An article, posted more than 14 years ago filed in curation, experience, information, ipad, magazine, trust & web.

Yesterday, Seth Godin was making an argument for micro magazines, which he defines as digital (e.g. PDF), subscriber based (e.g. RSS or email), focussed, community and ad supported containers of well written pieces. 

The concept of magazine seems to revive electronically. With the launch of the iPad many publishers are rushing out electronic, slightly more interactive, equivalents of their paper based media. I don’t really mind they are doing it, it saves paper and distribution costs.
But I am not excited either.

The main reason that I am not excited about the electronic (micro) magazines is because of the difficulty of ‘sharing’ in the non web formats they use. Sharing an article from an iPad app, or from a PDF, is harder than just bookmarking it, or sending the link to a friend. Or starting a discussion around a linked article. There is no uniform interface.

Yes, there is hardly an end to all the content that is published online. But I don’t see how an anarchy of micro magazines will be able to change that. It just an anarchy of magazines against an anarchy of articles/blog posts.
So what is really different when (micro) magazines and blogs are compared? Well, I assume having an editor. I suspect that the main difference between a ‘blog’ and a magazine is that a blog is direct communication between writer and reader, whereas a magazine is revised by one or more editors. So yes, this might entail slightly less content, as not all content will be published. But who cares if there are just 1 million articles being published every day, instead of say 2 million?

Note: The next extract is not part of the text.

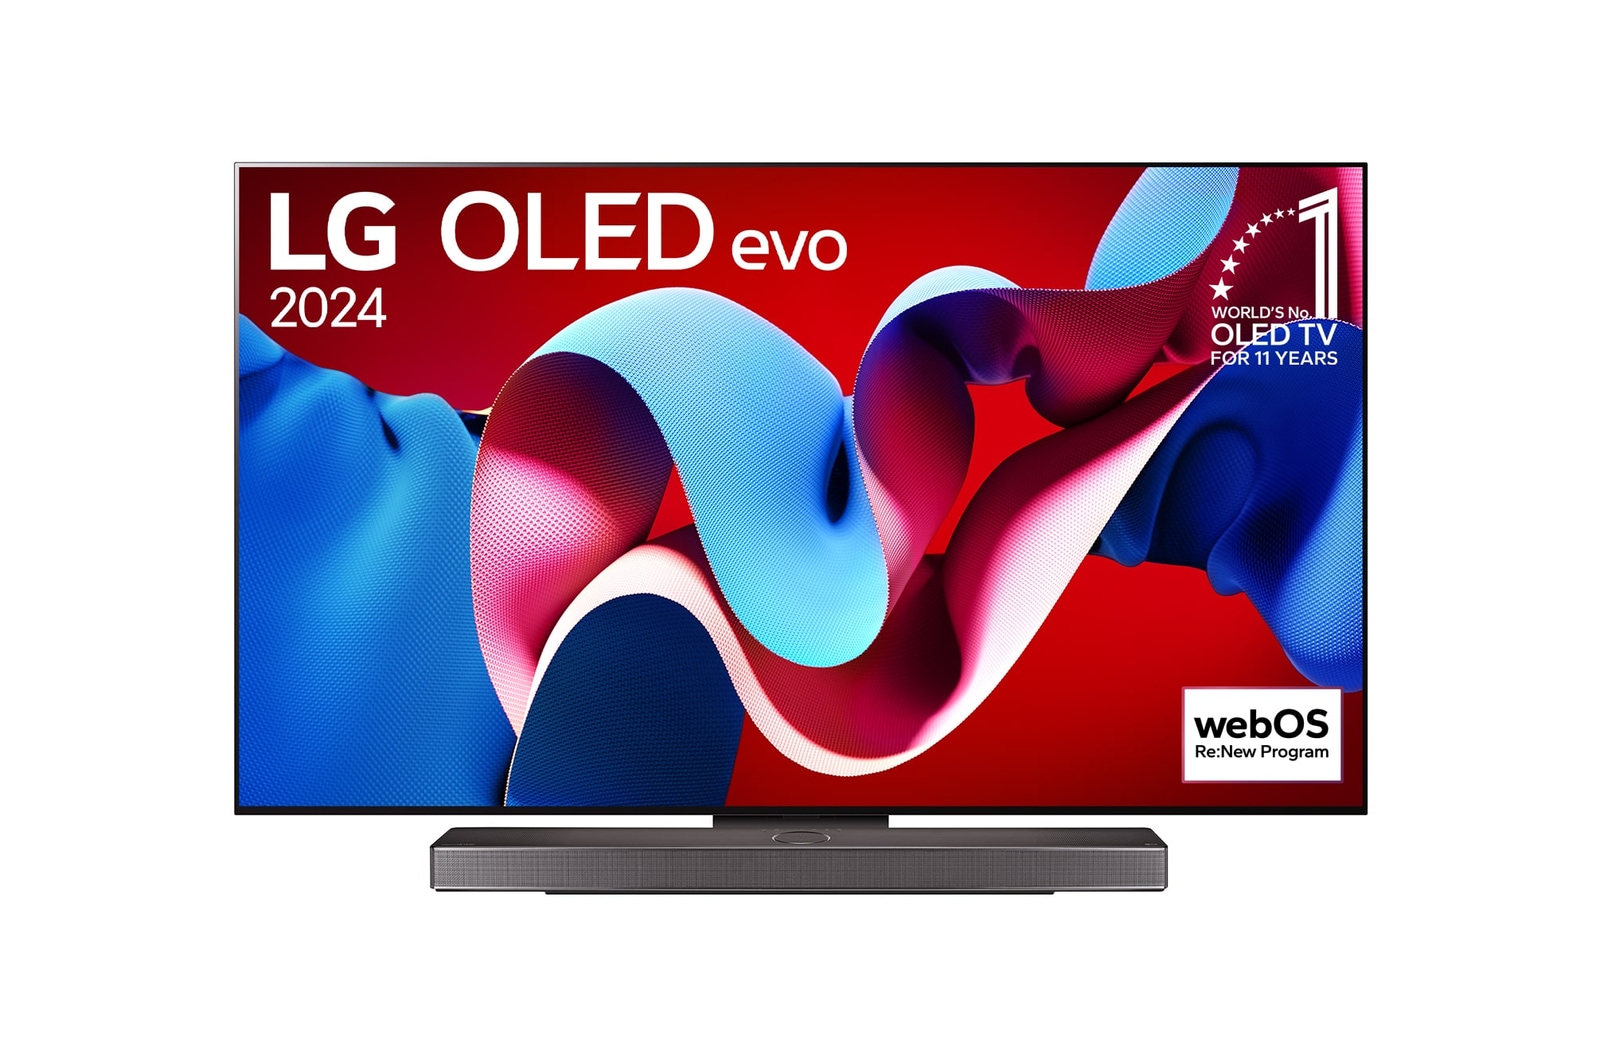 Vista frontal com a LG OLED evo TV, OLED C4, o logótipo do emblema dos 11 anos da OLED número 1 do mundo e o logótipo do webOS Re:New Program no ecrã, assim como a barra de som abaixo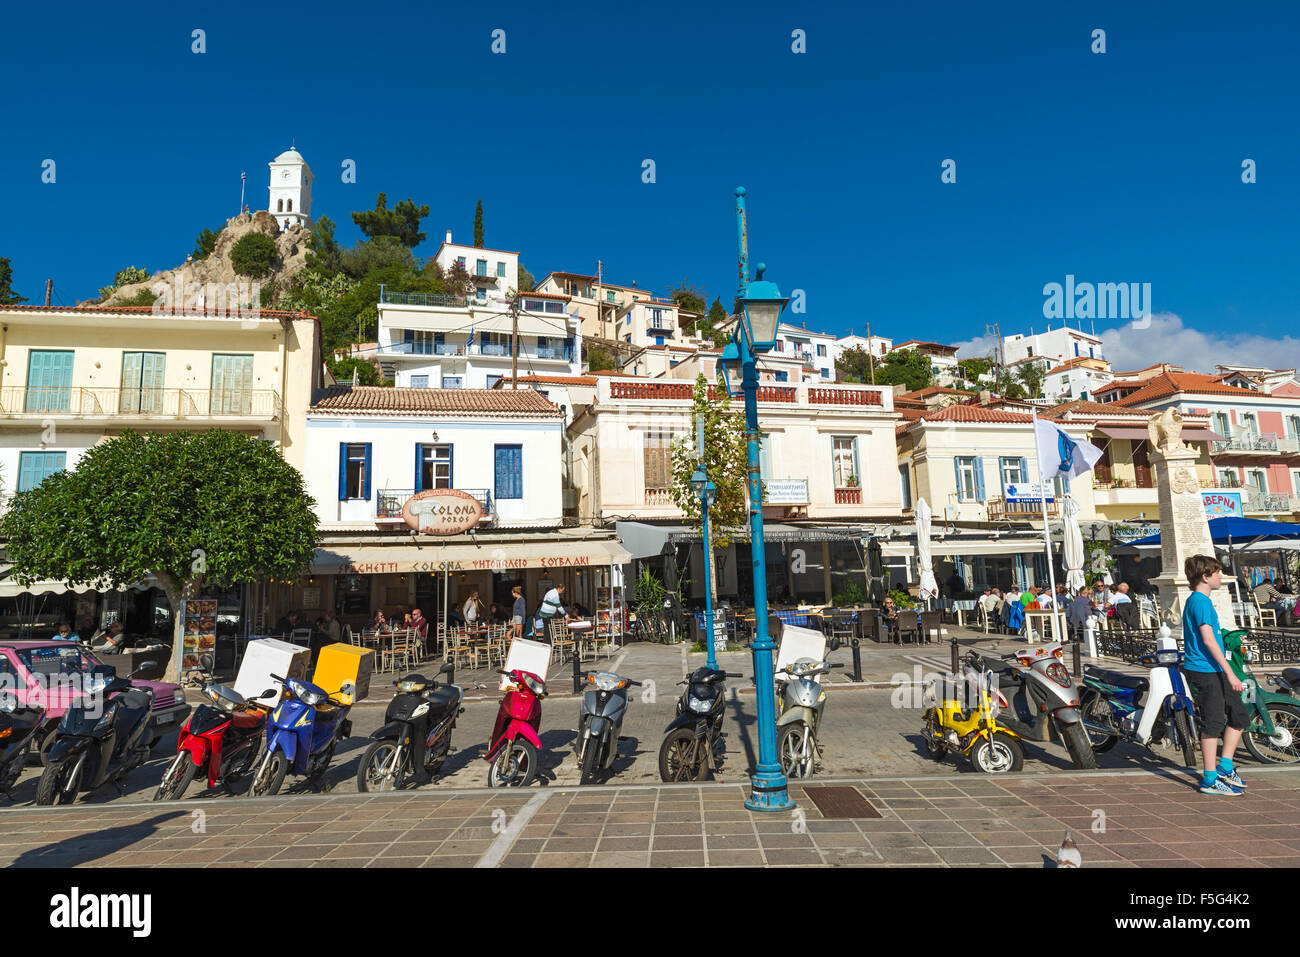 POROS, GREECE-OCTOBER 25, 2015: Gente en la ciudad de Poros, a a small Greek island-pair in the southern part of the Saronic Gul Stock Photo

Yes, we need more editors in the online world that curate all that is quality content. But we don’t need the stiff format of paper based magazines with ‘pages’. The web brought us the ability to link directly to articles, instead of containers of articles which magazines and books essentially are. The ability to link directly to an article also allows for having discussions around a certain topic closely tied to the original article. Additionally, we should not forget that the web is a publishing platform in itself. The view that a magazine is the platform that allows writers to publish their work is too limiting.

My future magazine will have personally selected (groups of) curators and editors, who select from sources I selected myself (or just all the sources those curators curate)… every now and then allowing recommendations from trusted sources. And even though I am not sure whether there needs to be an end to all the content that I can read in that magazine… its quality should indeed surpass the average quality found nowadays in simple feed aggregators that filter content just based on popularity. There is a need for more focussed, higher quality content. But ‘pages’ based magazines are not the answer.